I’ll still put together a “best” XI, however–but one that has balance both practically and on paper, and which is designed for that thrifty captain who picks second on the schoolyard.
It’s tough to do this on only seven games.
I’m weighting a bit to Wanderers here, but only because the way they played was effective and I think they can and will build on it into next year. So this is a pretty basic 4-2-3-1–I’m not claiming any points for originality–with a midfield heavy on Wanderers. Morelli’s work-rate was a big part of what Stephen Hart did, and offers some creativity from the #10 while other XIs will feature Bustos or Bekker. It feels too easy to put Sissoko in there–not that I’ve seen him get the credit he deserves, but he will this winter if he ends up in MLS. That Kreim deputized so smoothly is why he’s now the proud owner of a snow shovel I backed over with the car last fall.
I dithered a bit out wide, but wanted Masta Kacher in there, and unfortunately that means Anthony Caceres drops to the bench, which is maybe the best spot for him at this point, but I like him in the second half.

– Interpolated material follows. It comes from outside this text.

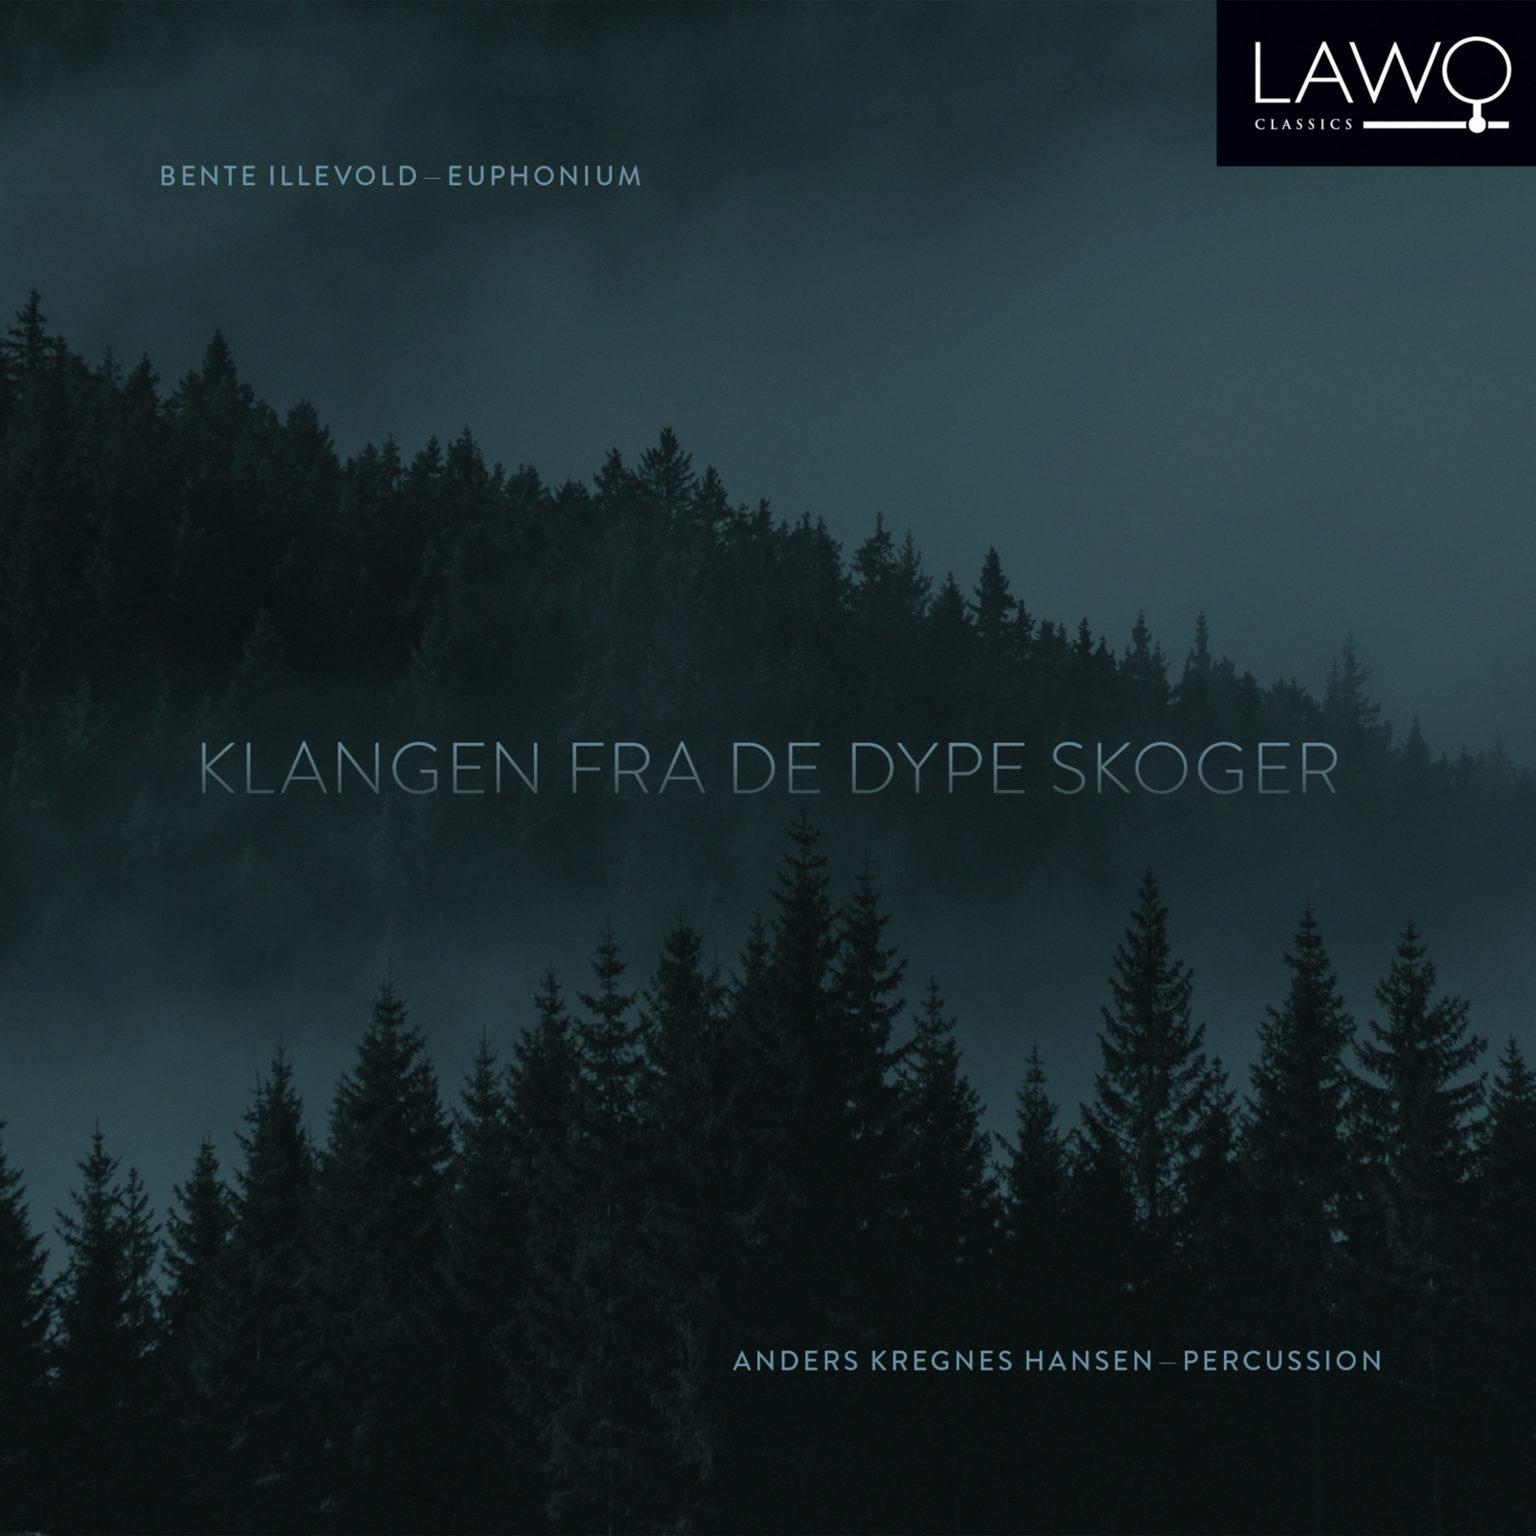 Click image for larger version.  Name:LWC1195_Bente_Illevold_Klangen_fra_de_dype_skoger_cover_3000x3000px-1536x1536.jpg Views:845 Size:174.8 KB ID:7720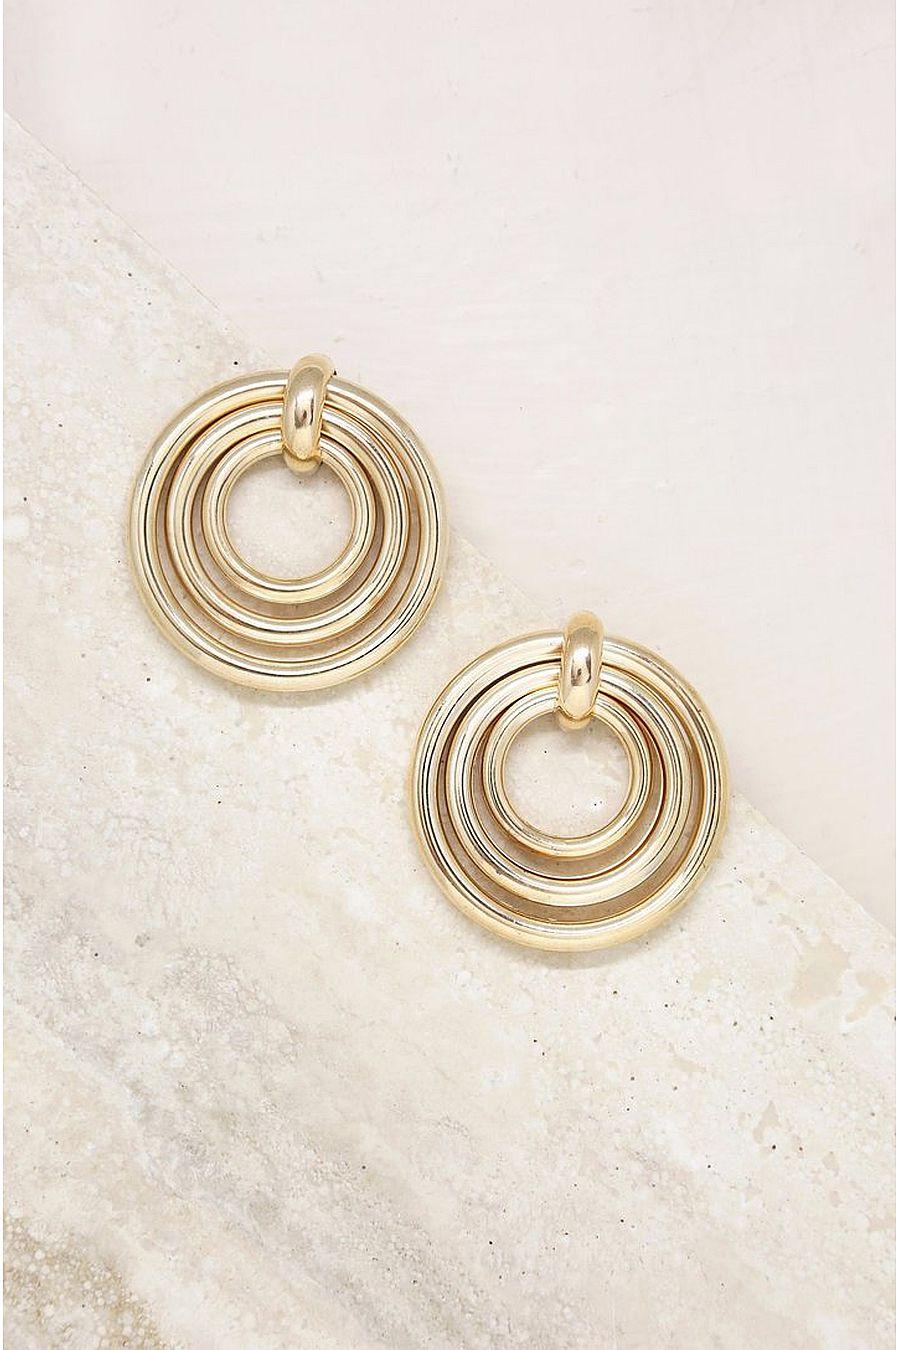 Ettika Layered Multi-Ring Earrings in Gold

Max Ferrari operates as a bit more of a wide forward while Anthony Novak is maybe my biggest-name pick but as long as Bobby won’t consistently start him, I will.
Alex De Carolis is departing Wanderers, which is a pity because they were noticeably better when he was bombing up and down the left channel. I hope he lands somewhere he can continue to use his incredible engine. At centre-back and goalkeeper I’m going to give some love to Ottleti–they found a useful piece from nowhere in Milo Kapor and Nacho Zabal was the best–and busiest–goalkeeper on PEI without whom it would have been bleak for Ottawa.
Gasparotto deserves some recognition on retirement, but he’s actually on here for his aerial ability next to the more mobile Kapor. York’s problem wasn’t defending, and they were great on set-pieces.
Chrisno N’sa isn’t exactly an “unlikely” pick but he did just miss out on the U21 award to a guy at his position who was less consistent, so there.
Guys I’d have on the bench would include Ben McKendry, Austin Ricci, Klaidi Cela, and probably Eddies Mele Temguia and Jeannot Esua–the latter, in particular, has grown on me a bit since year one.